• **Problem description**
An exact copy of each line below is needed, with no images in it.

• **Source material**
++++++++++++++++++++
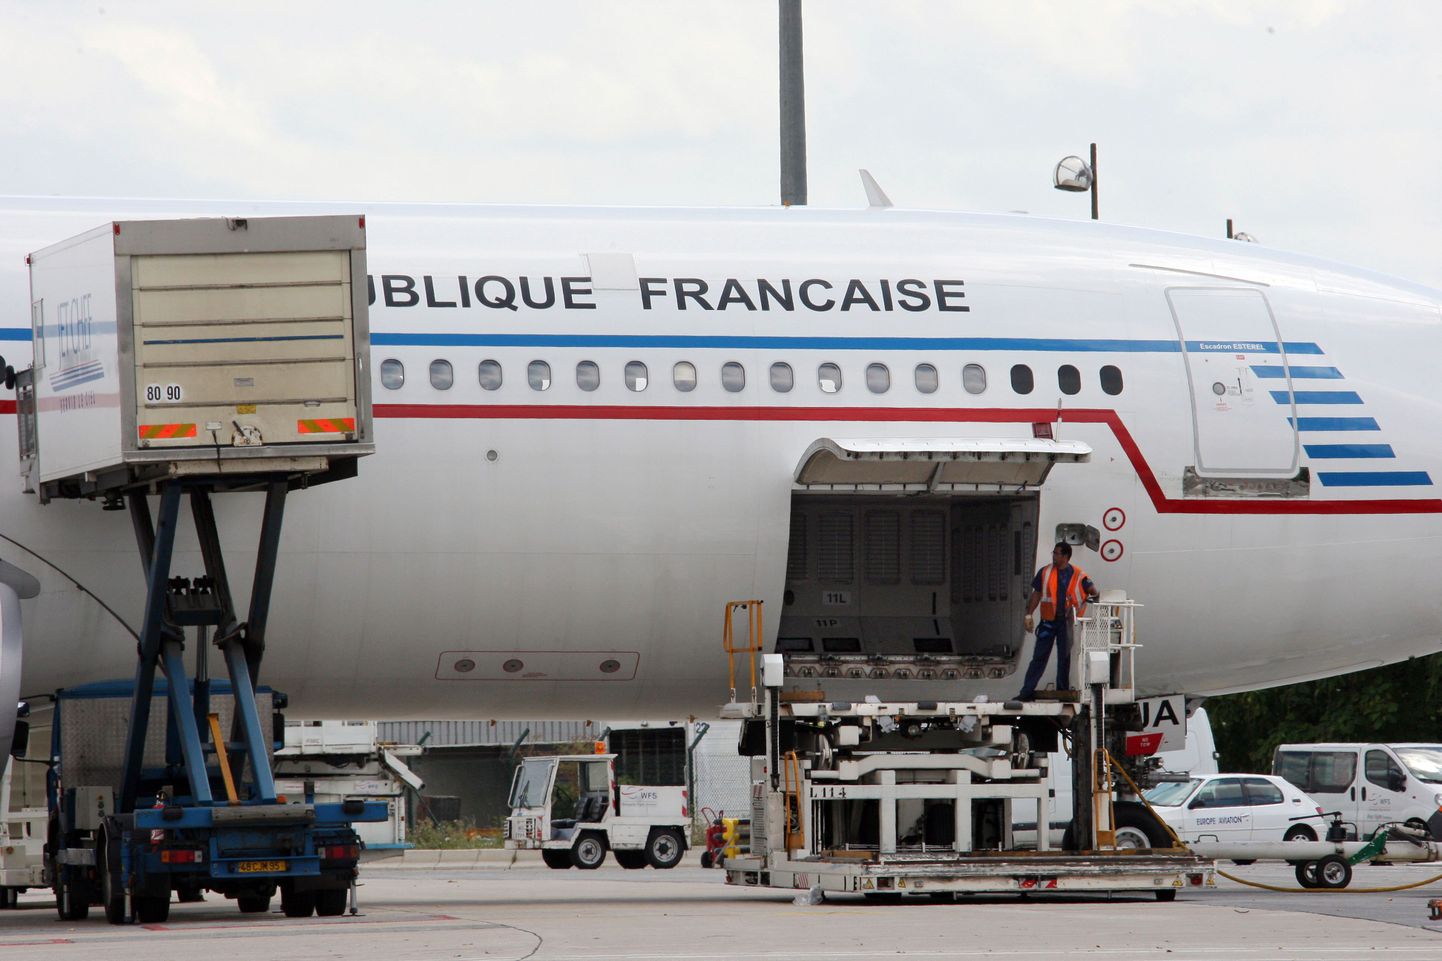 Ka Prantsusmaa saatis täna lennukid oma kodanikke ära tooma.
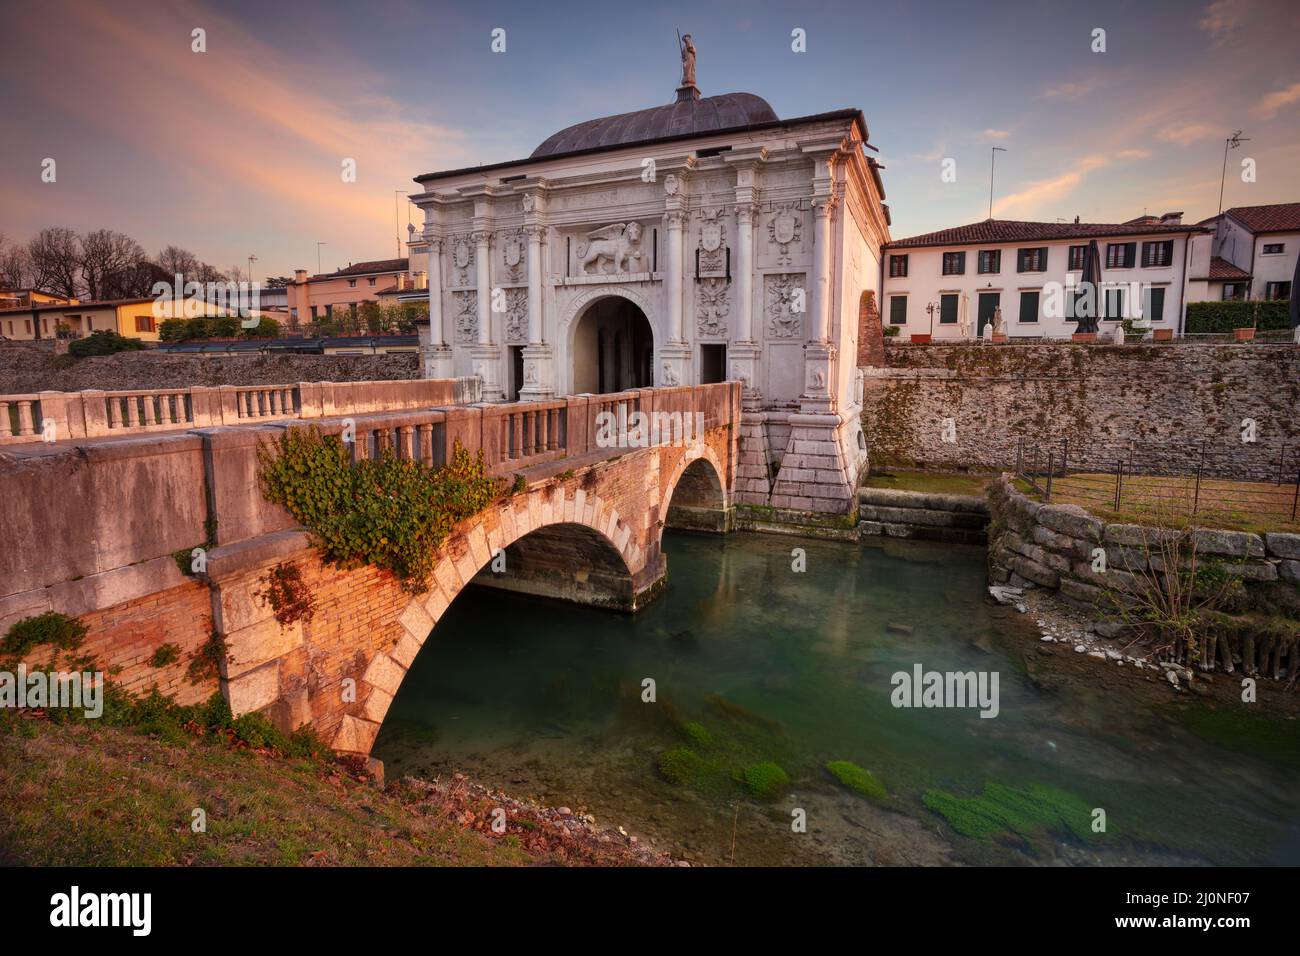 Treviso, Italia. Immagine del paesaggio urbano di Treviso, Italia con porta alla città vecchia al tramonto. Foto Stock
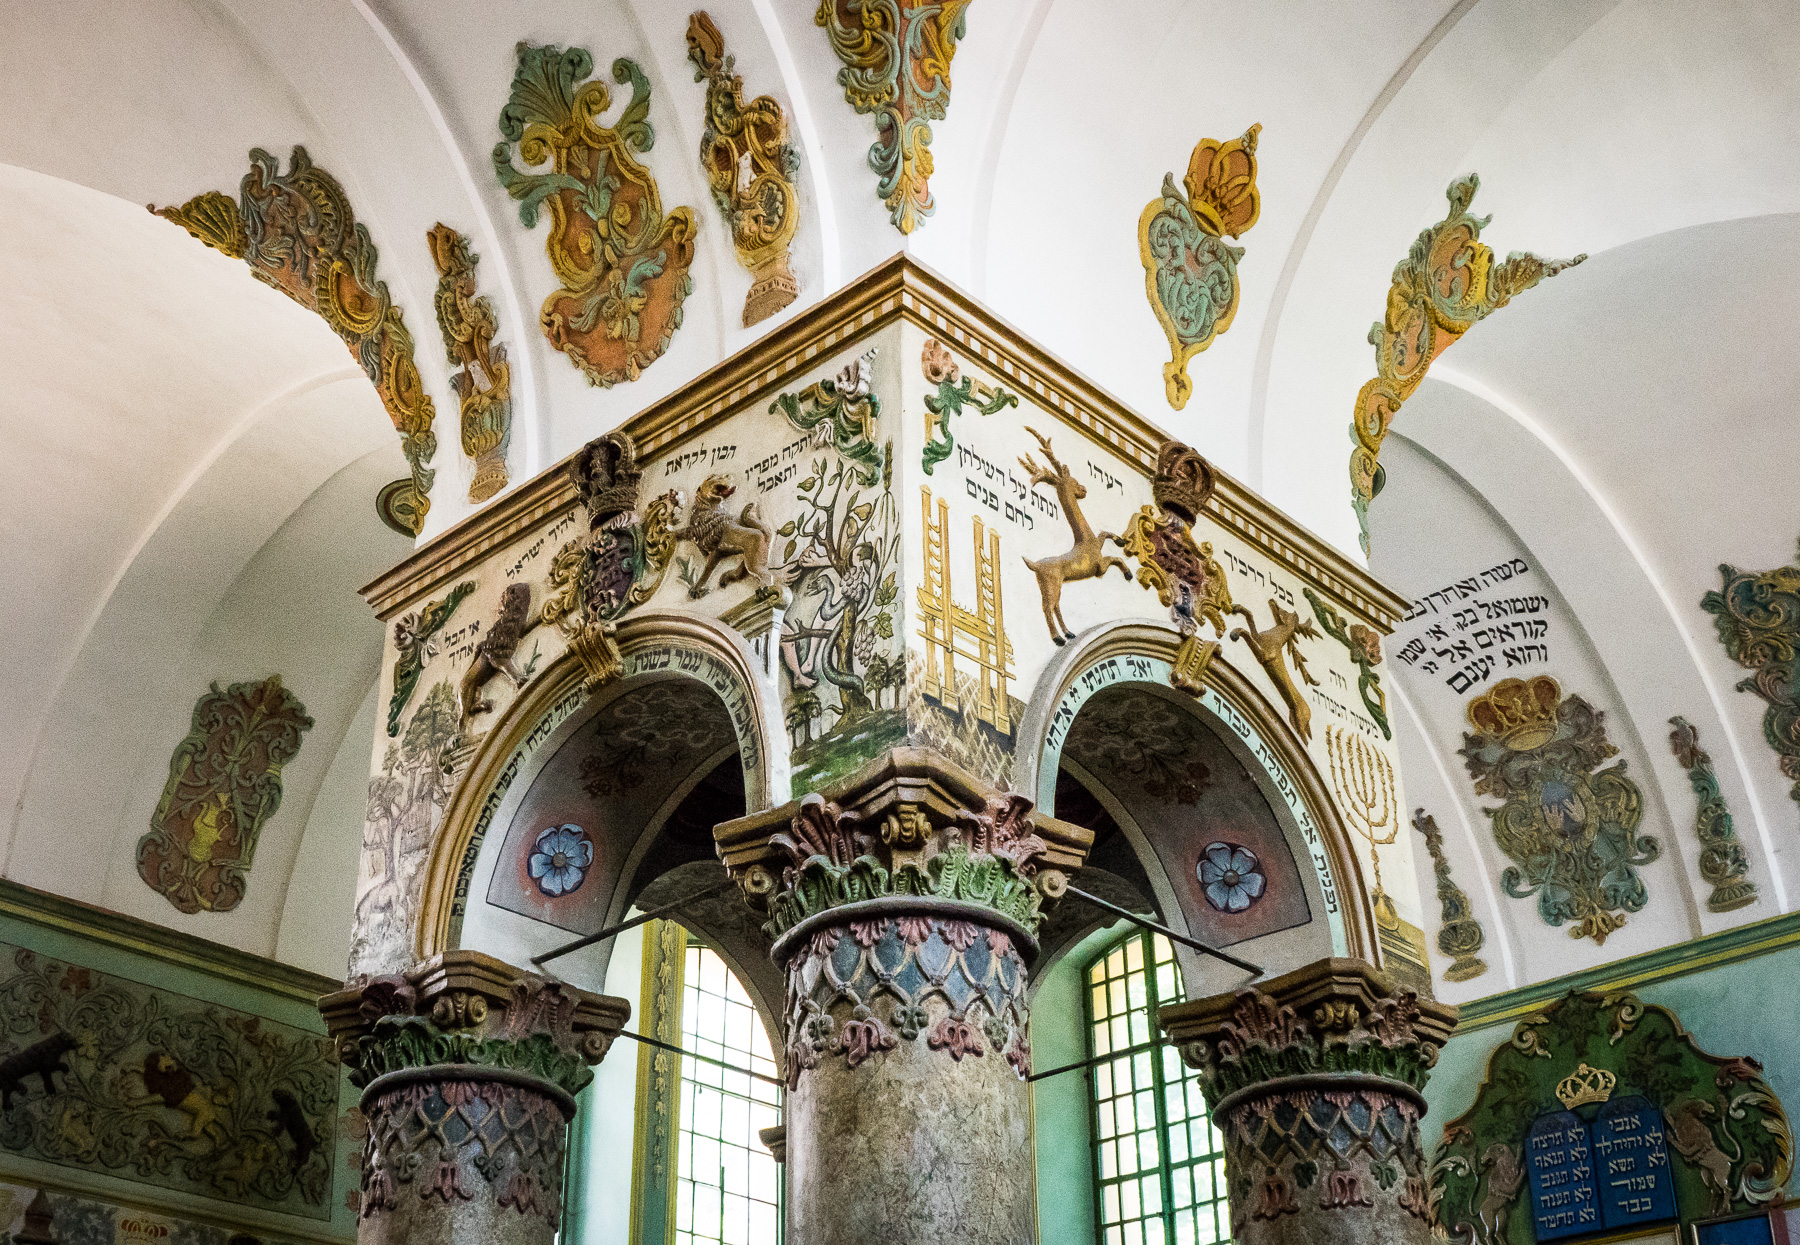 Wnętrze synagogi. W centralnym miejscu bima z bogatymi zdobieniami. Widać elementy roślinne, oraz hebrajskie napisy.
++++++++++++++++++++
• **Written reply**
 Ka Prantsusmaa saatis täna lennukid oma kodanikke ära tooma.
 Treviso, Italia. Immagine del paesaggio urbano di Treviso, Italia con porta alla città vecchia al tramonto. Foto Stock
 Wnętrze synagogi. W centralnym miejscu bima z bogatymi zdobieniami. Widać elementy roślinne, oraz hebrajskie napisy.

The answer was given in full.